[[ PROVIDED MATERIAL, beginning ]]

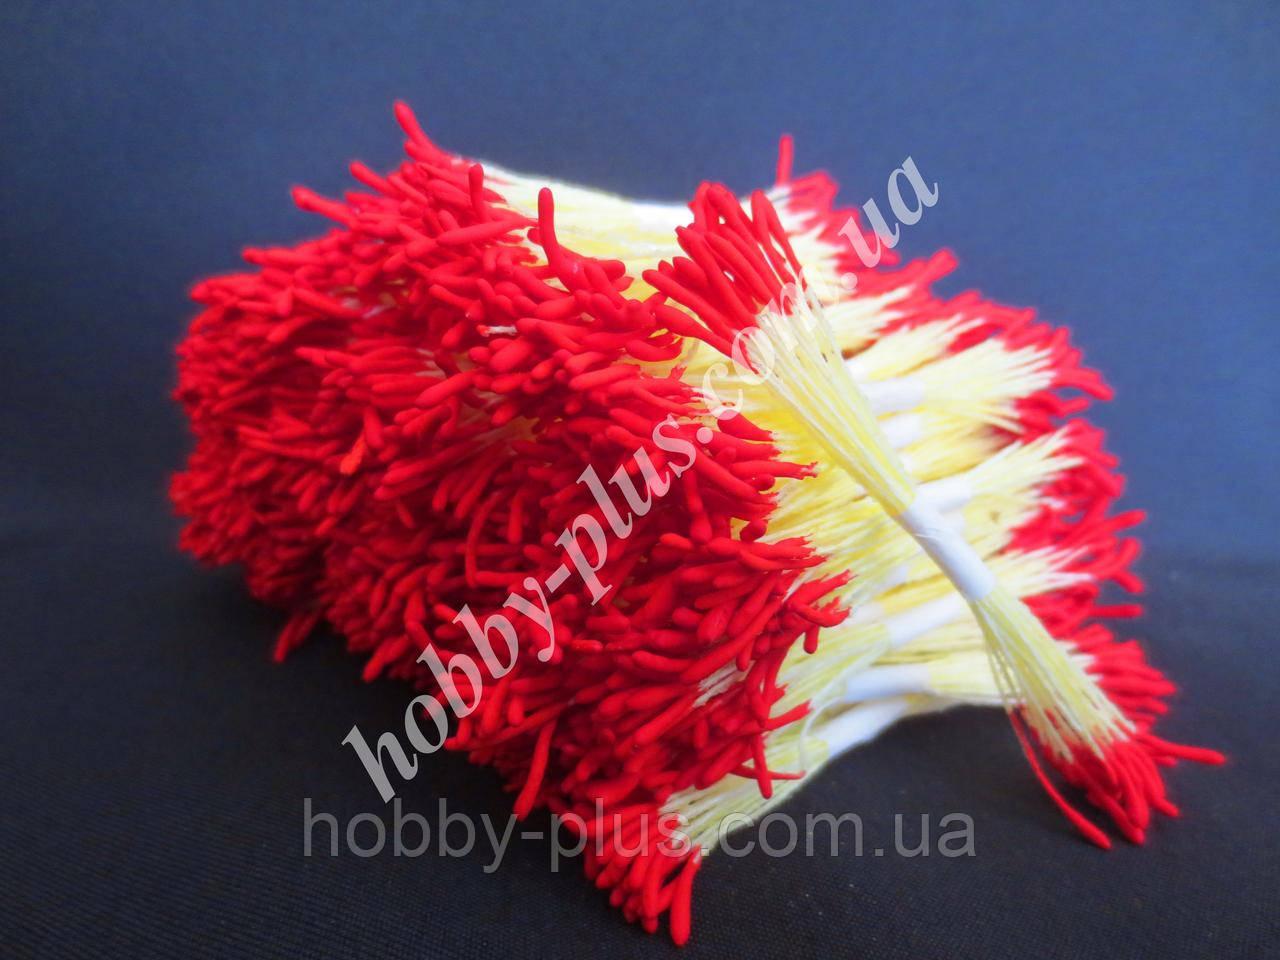 Тайские тычинки, КРАСНЫЕ, удлиненные на светло-желтой нити, 23-25 нитей, 50 головок
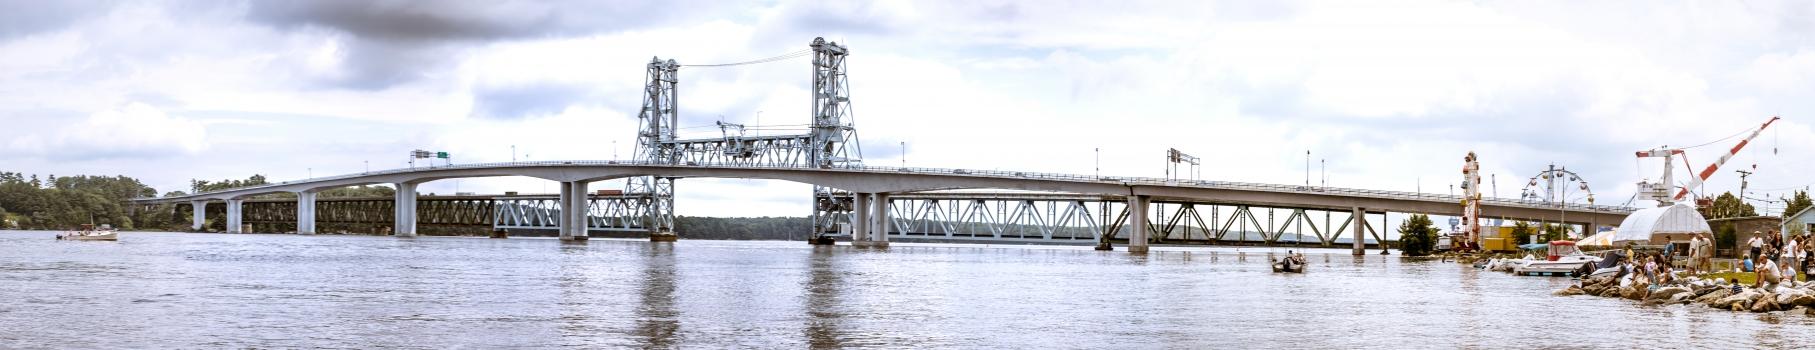 Sagadahoc Bridge
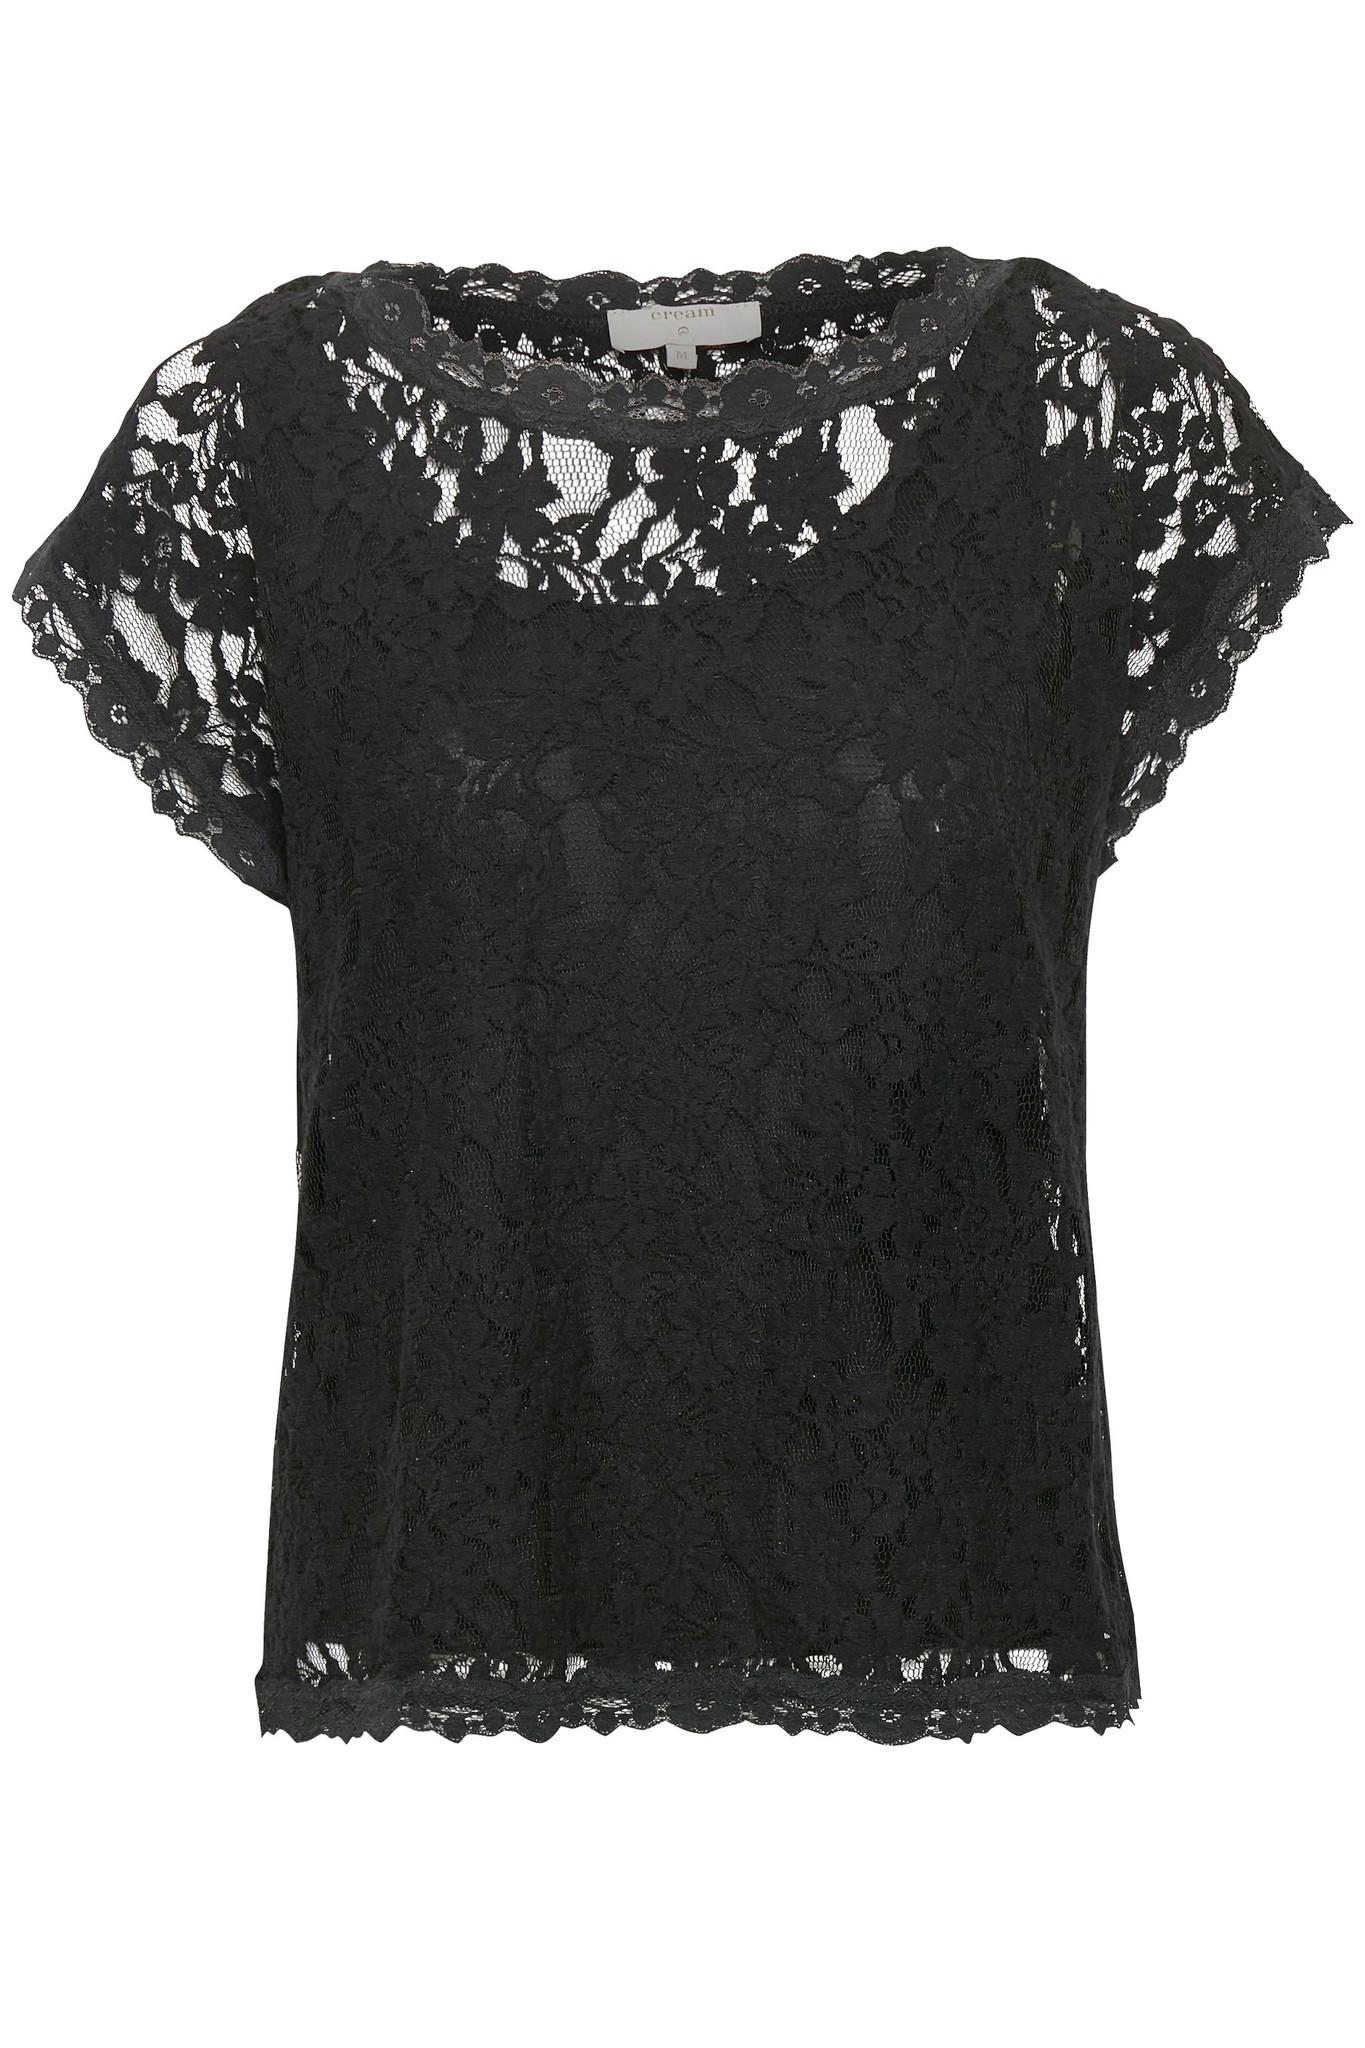 Top Vivi lace blouse pitch black-1

[[ PROVIDED MATERIAL, end ]]

* [WHAT TO WORK ON] Please return all of the material above exactly, minus any pictures.

* [ANSWER BOX]
 Тайские тычинки, КРАСНЫЕ, удлиненные на светло-желтой нити, 23-25 нитей, 50 головок
 Sagadahoc Bridge
 Top Vivi lace blouse pitch black-1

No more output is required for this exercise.